If your microwave exhaust fan has stopped working, it may be because the grease filter is clogged. The grease filter traps oils and fats from the food that is being heated, to keep the exhaust system clear. It is common for grease filters to become clogged over time and need replacing.
How to inspect a microwave grease filter:
- This is a very simple inspection; you should not need tools to complete it.
- Grease filters are typically located at the bottom of the microwave and are held in place with spring clips. Locate and remove your grease filter in order to inspect it.
- Looking for any signs of damage or debris, visually inspect your grease filter. You can clean your grease filter with soap and water, although it may need to be replaced entirely if the buildup is too stubborn to clean.
- If your filter is damaged or is still clogged after cleaning it, you will need a replacement grease filter.

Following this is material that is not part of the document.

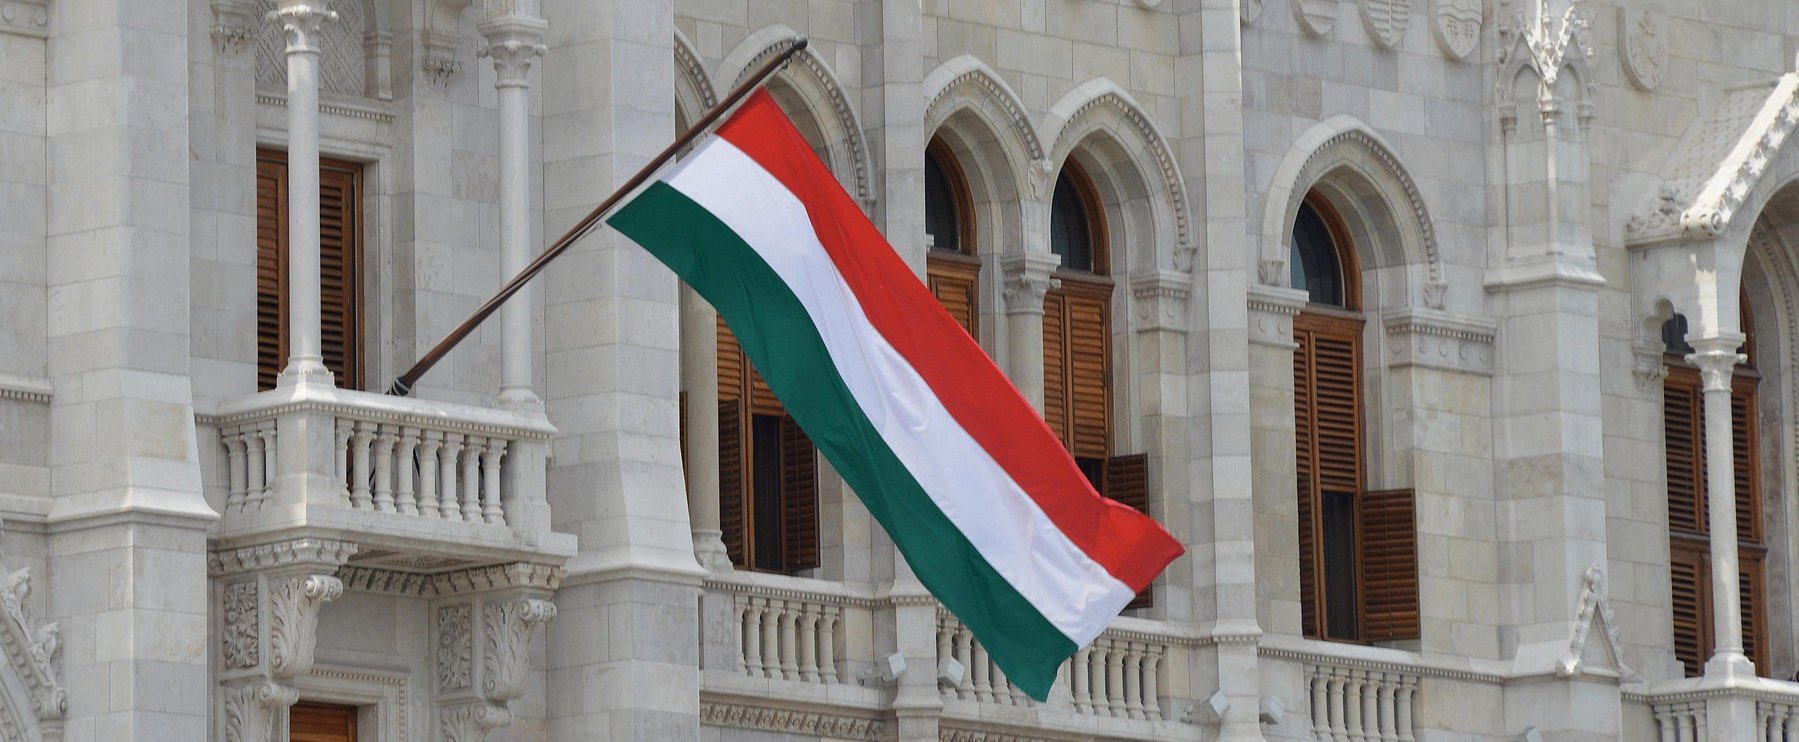 Magyarország első, mindenkit verünk ebben Európában, végre valami jó hír
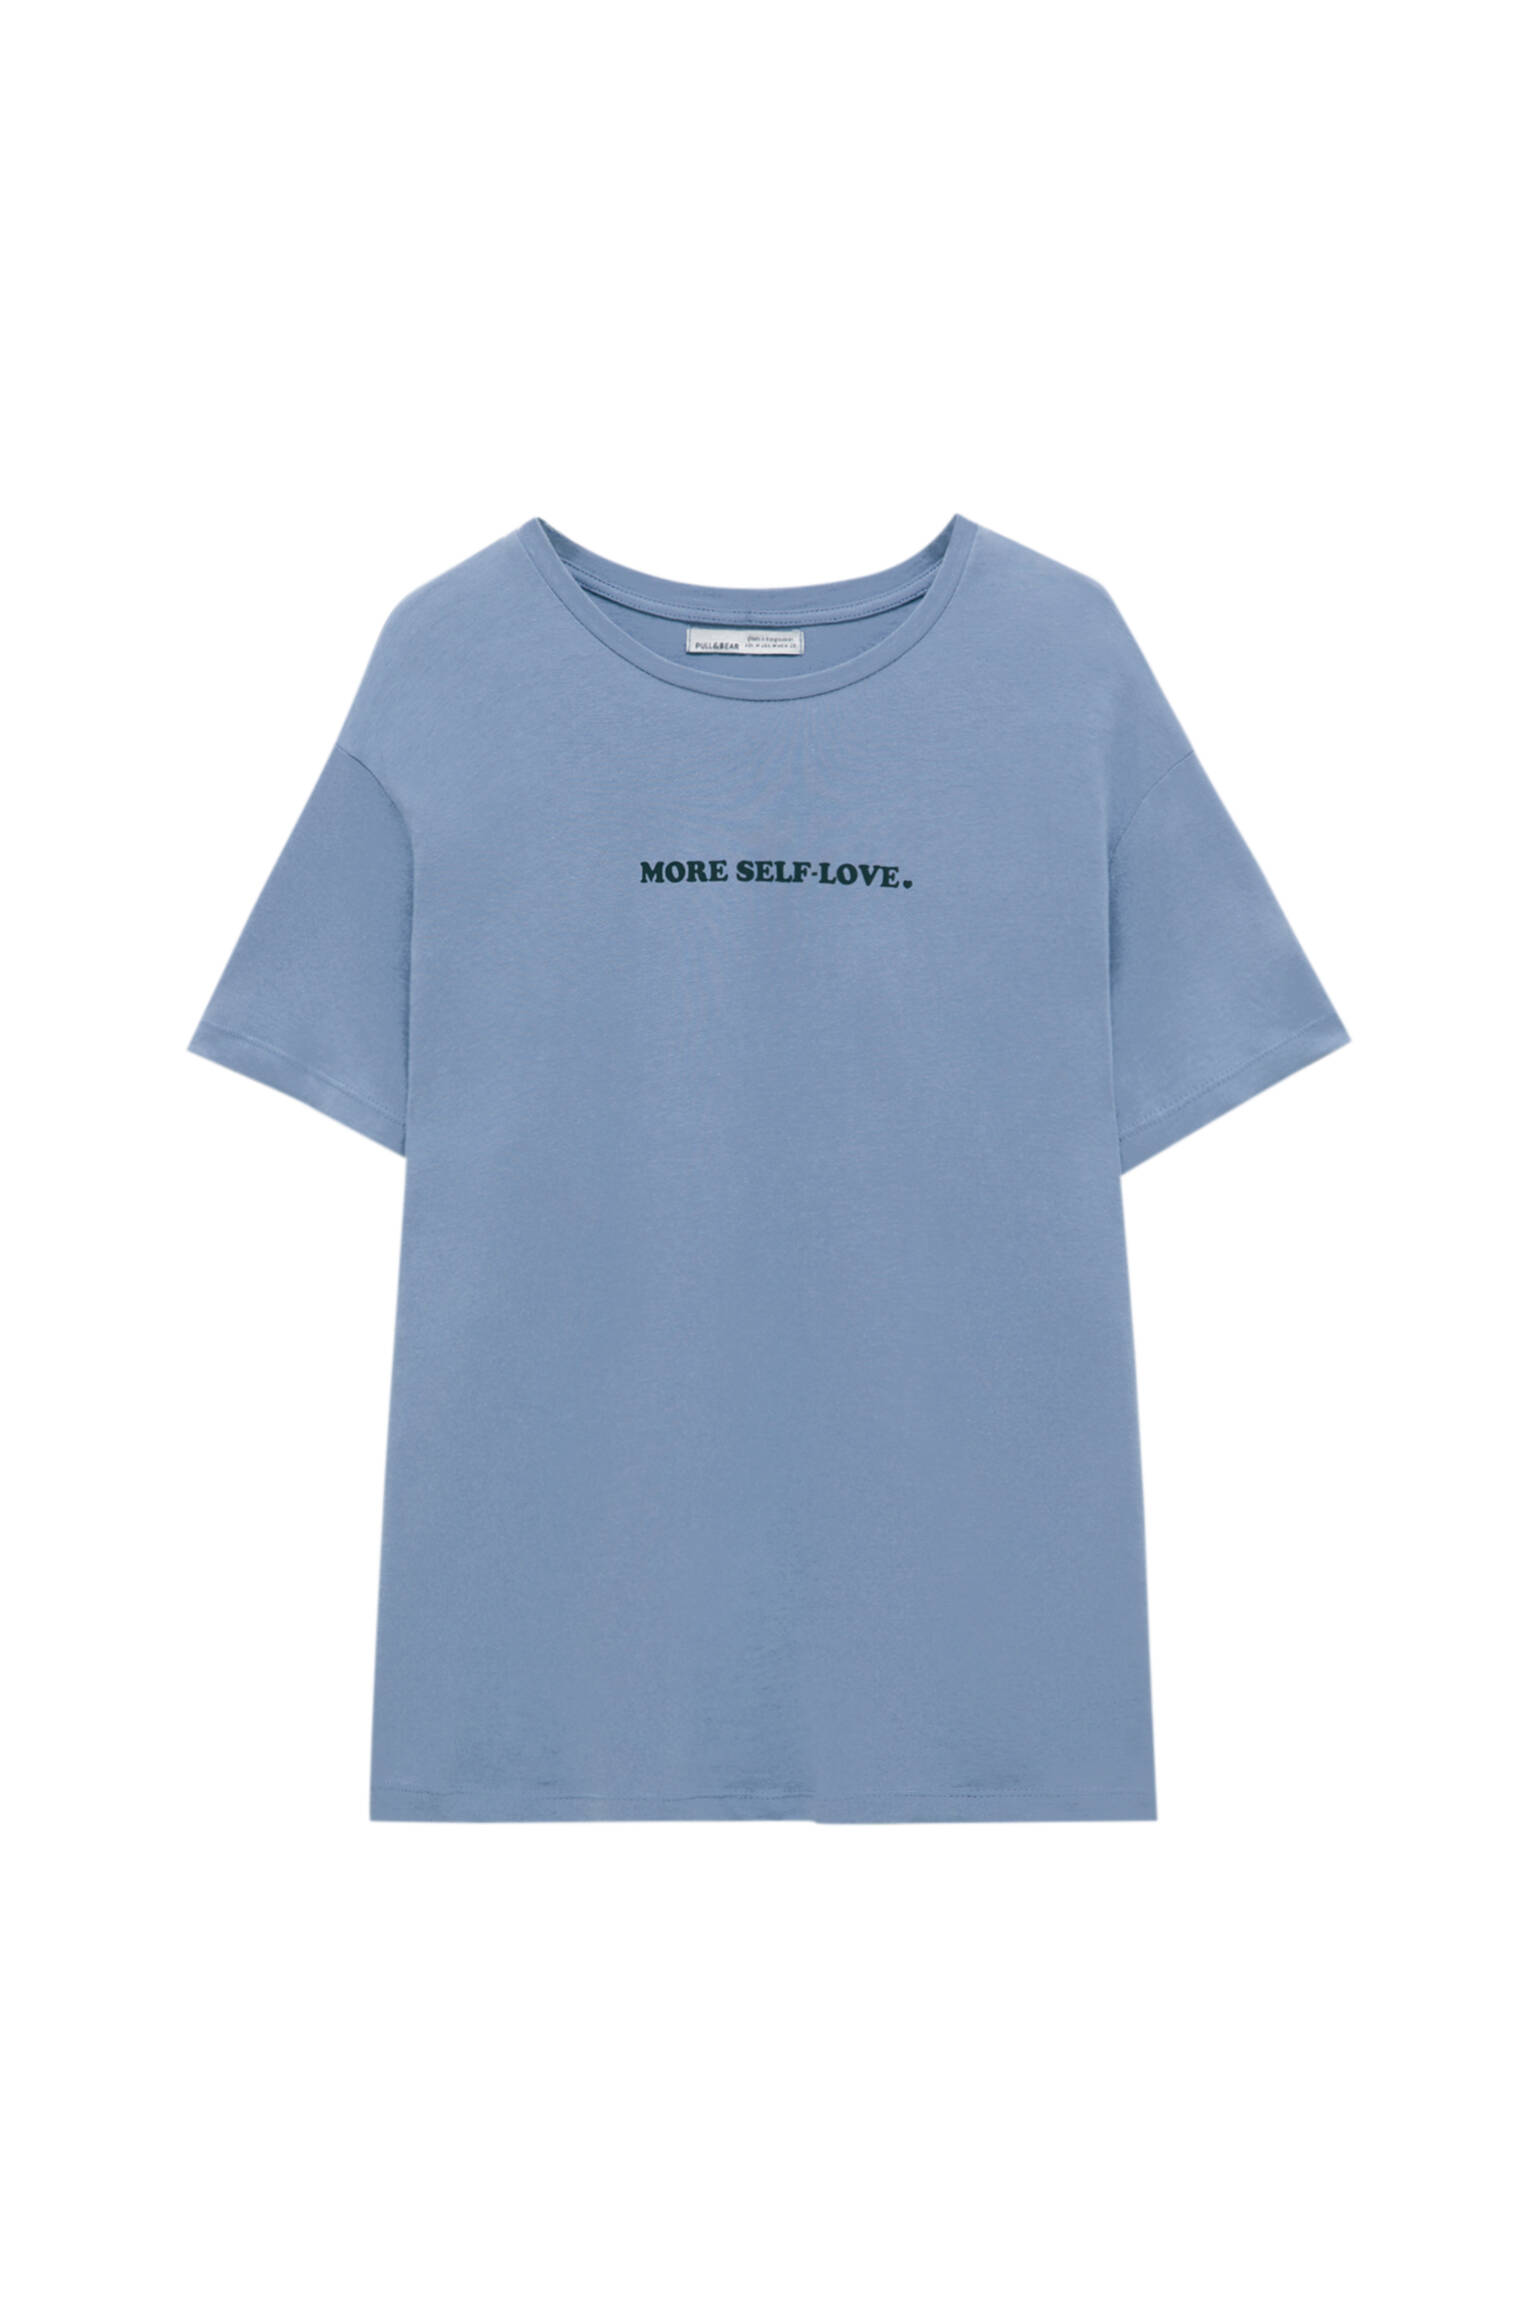 Pull&bear Femme T-shirt Basique 100 % Coton à Col Rond Et Manches Courtes Avec Inscription Sur La Poitrine. Bleu Gris L

If your microwave exhaust fan is no longer working, the damper assembly may be causing the problem. The damper is a component in over-the-range microwaves that prevents exterior air from entering through the exhaust system. The damper is a flap made of metal or plastic which seals the exhaust duct when the fan is off and opens when the exhaust fan is running. The flap is often spring-loaded or may be designed so that it simply opens and closes relying on gravity.
How to inspect a microwave damper assembly:
- Disconnect your microwave from the power supply before beginning.
- Depending on your model, you may need to remove the microwave from its place in the wall and may need to remove all or part of the microwave’s cabinet to access the damper assembly.
- Check for any objects that could be keeping the damper from opening and closing. You should also visually inspect the damper for any signs of wear, cracking, or damage.
- If you identify any issues during your inspection, you will need a replacement damper assembly.
The exhaust fan on your microwave may not be working because of an issue with the fan motor. This part is a component of over-the-range microwaves and helps circulate the air through the exhaust system.
How to test a microwave fan motor with a multimeter:
- Begin by unplugging your microwave and removing it from the wall.
- The fan motor is usually located in the back of the microwave, near the top. Remove the fan motor cover and try rotating the motor manually. If the fan does turn, remove it from the appliance to test it using a multi-meter.
- With your multimeter set to Rx1, touch the motor’s terminals with the probes to test for continuity. You should receive a reading of 0, indicating that there is continuity.
- If the fan does not turn in step 2, or if your fan does not have continuity, you may need a replacement fan motor.